While it’s true that Fannie Mae and Freddie Mac both publish allowable foreclosure timelines, I’m not sure that’s really the root of the problem. Timelines are by their very nature central to the foreclosure process, since foreclosure law by its very nature largely establishes the shortest possible time frame for foreclosures to proceed. The GSEs’ allowable time guidelines merely reflect the state-level laws, and help ensure that a servicer doesn’t spend too much time trying to find a work-out at the expense of the investor. It’s supposed to be an art as much as a science.
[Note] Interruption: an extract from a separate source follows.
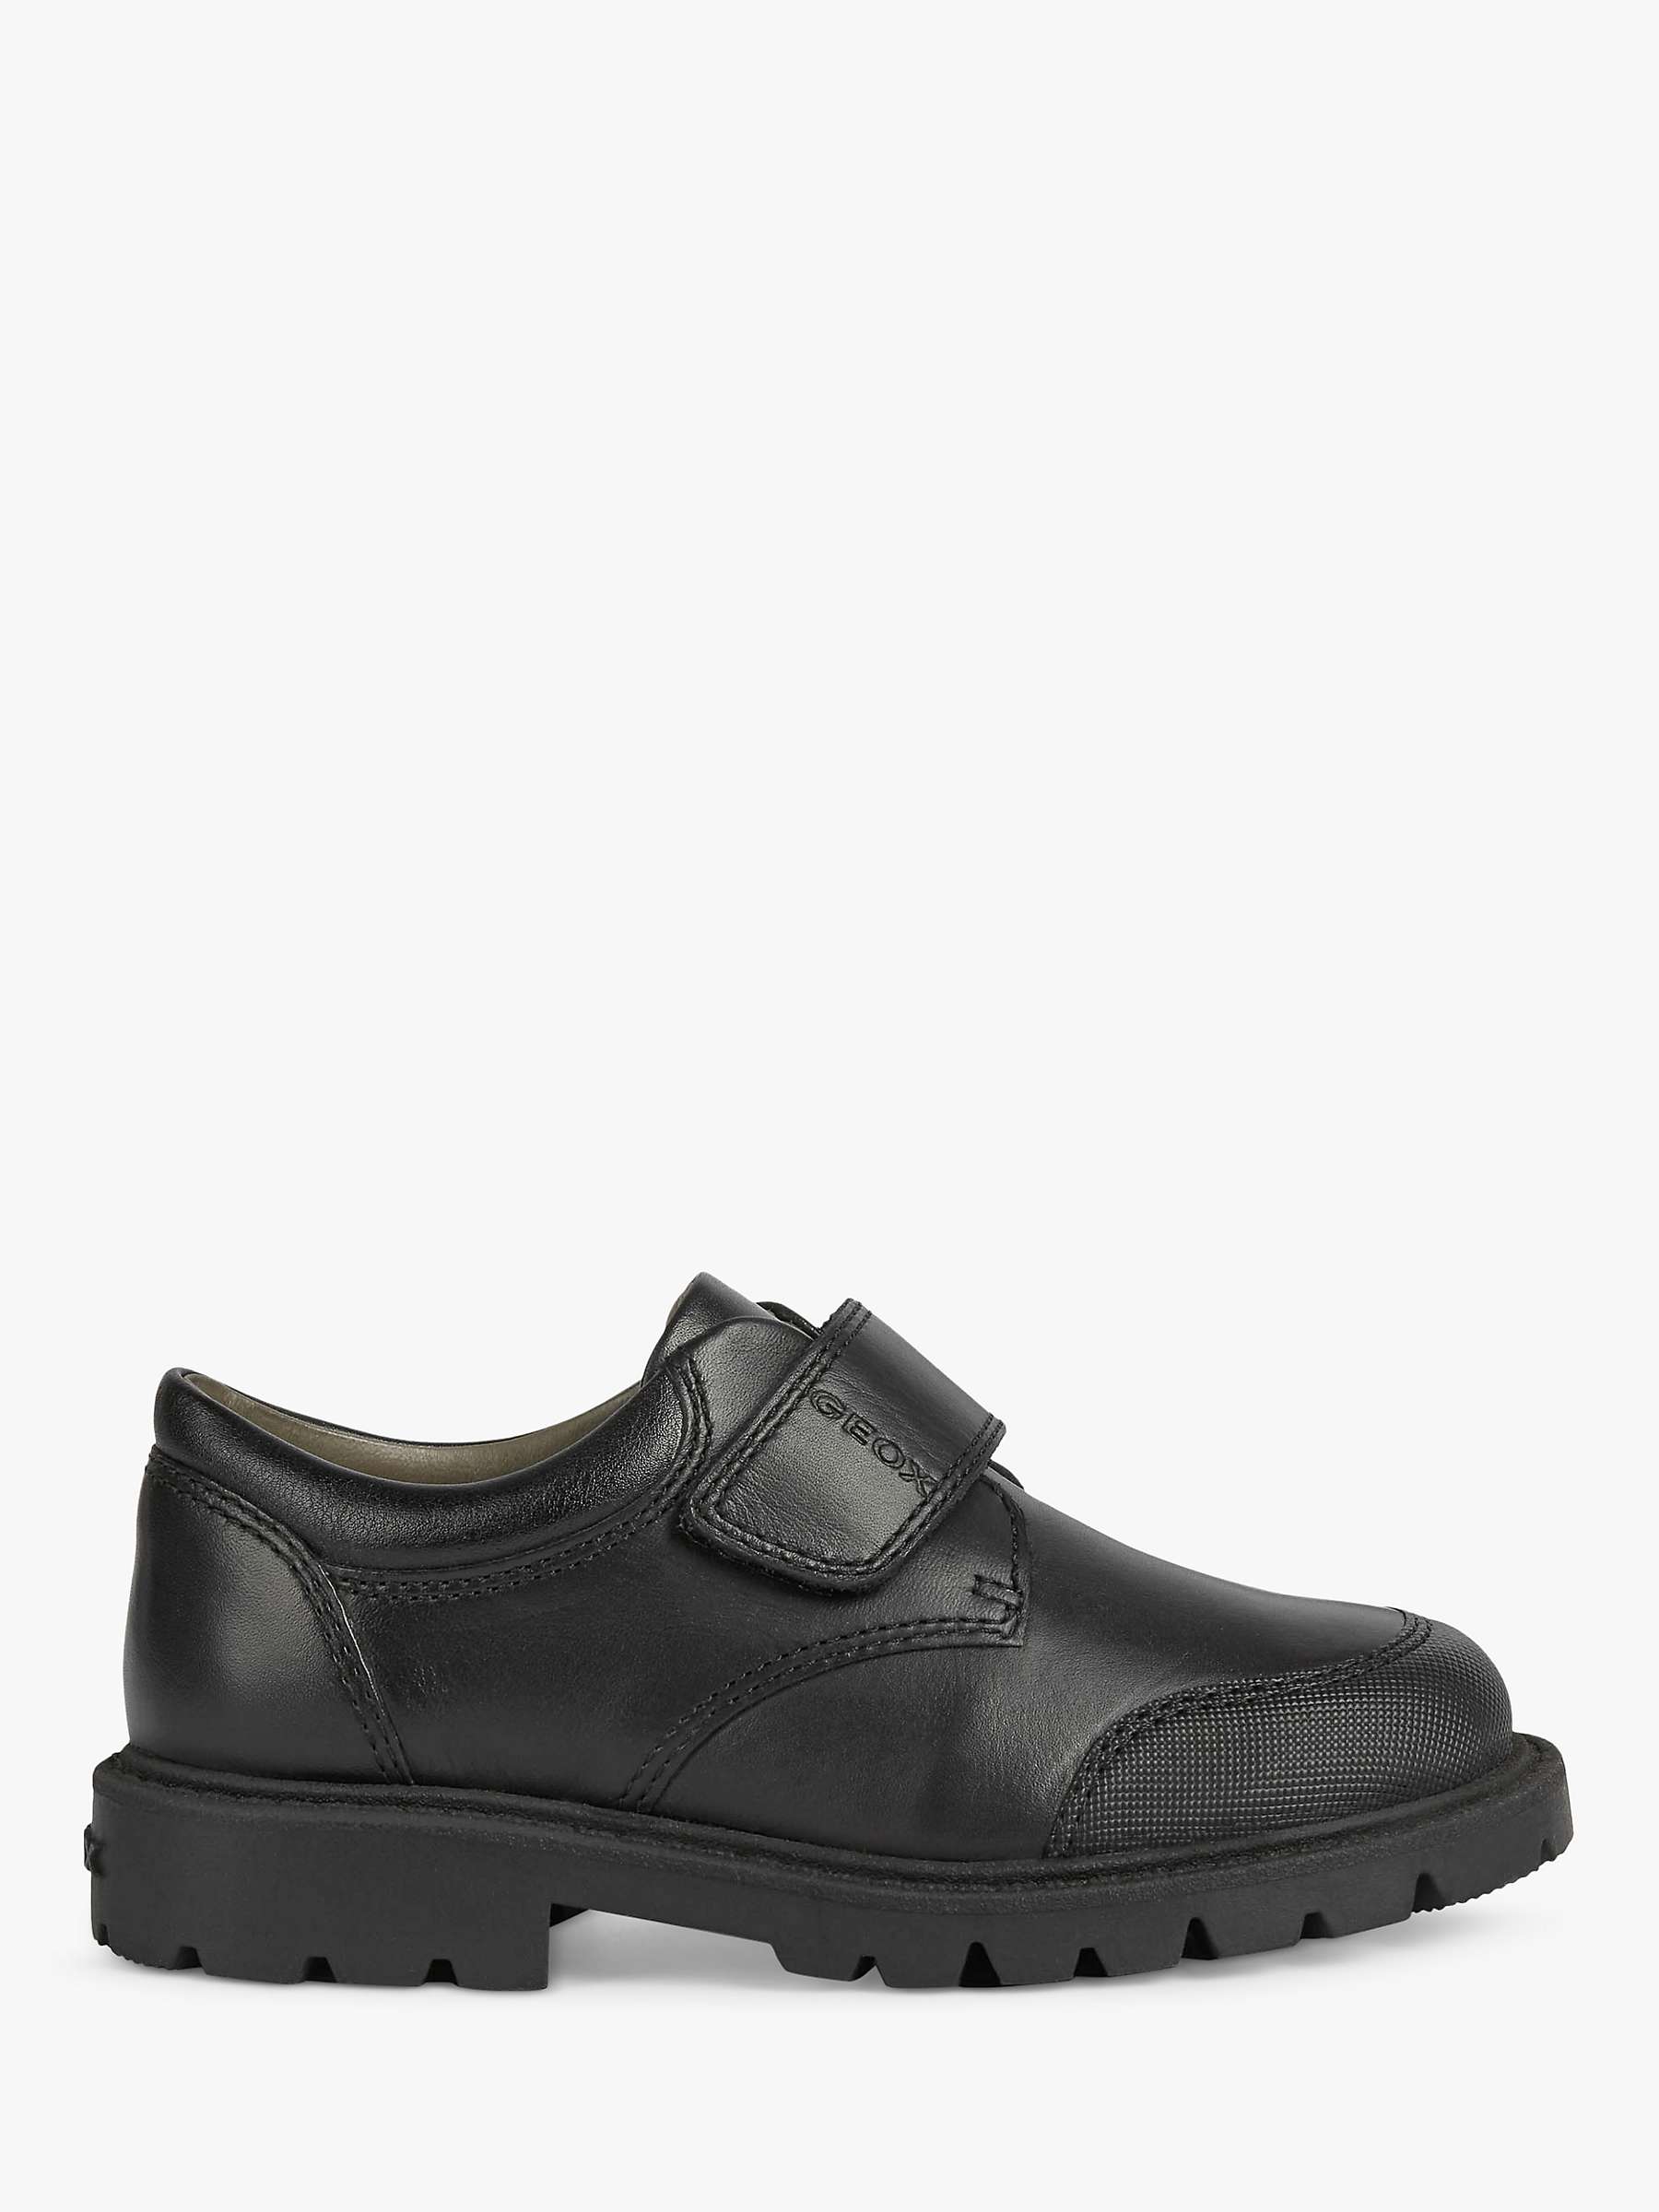 Buy Geox Kids' Shaylax Leather School Shoes, Black Online at johnlewis.com

But when banks decided to take the GSE guidelines as literal gospel, requiring that the law firms manage every case exactly to the published timelines or else, things began to change. Non-attorneys placed in management roles at banks and elsewhere were trained only on the importance of timelines, rather than the virtues of legal risk management. Many were thrown into servicing operations with marching orders to ‘manage process’ without really knowing what, exactly, they were supposed to be managing. So everything became about the timeline. And I mean everything.

There’s an old adage that says when all you have is a hammer, everything starts to resemble a nail. It applies in spades here.

Layer on top of this a surge in foreclosures so large that it has quite literally overwhelmed attorneys and servicers alike. With a series of bank managers that have now been trained to only understand timelines, and a glut of foreclosures now stuck in the system, law firms — ahem, make that vendors — found themselves having to answer to angry bank managers that wanted to know why so many of their files were stuck in “exceptions” and not hitting the timelines that the bank’s computer systems said they were supposed to.

But the result of these industry forces now seem apparent: in an effort to appease clients, and push speed at all costs, it appears some law firms cut corners in order to get from point A to point B as fast as they could. However they could do it. (I have to think this isn't every firm in the industry, as there are very good firms that take their legal work very seriously, too.)

None of that matters, however, in the end. As a reminder, from the Fourteenth Amendment to the U.S. Constitition (italics are mine):

“No State shall make or enforce any law which shall abridge the privileges or immunities of citizens of the United States; nor shall any State deprive any person of life, liberty, or property, without due process of law; nor deny to any person within its jurisdiction the equal protection of the laws.”

Some part of the default industry have clearly allowed their charge to protect this vital Constitutional right — to ensure that no person is deprived of property without due process of law — to literally rot on the proverbial vine. I don't claim to know which part.

That this rot is being exposed right now, however, just as our nation’s property rights are truly being tested by a real estate collapse of historic proportions, is a threat to those same rights. The only question left is how we choose to respond. To those lawyers and servicers in the industry who have worked so hard to protect the sanctity of the due process of law, often for so little thanks in return: you're needed now, more than ever before.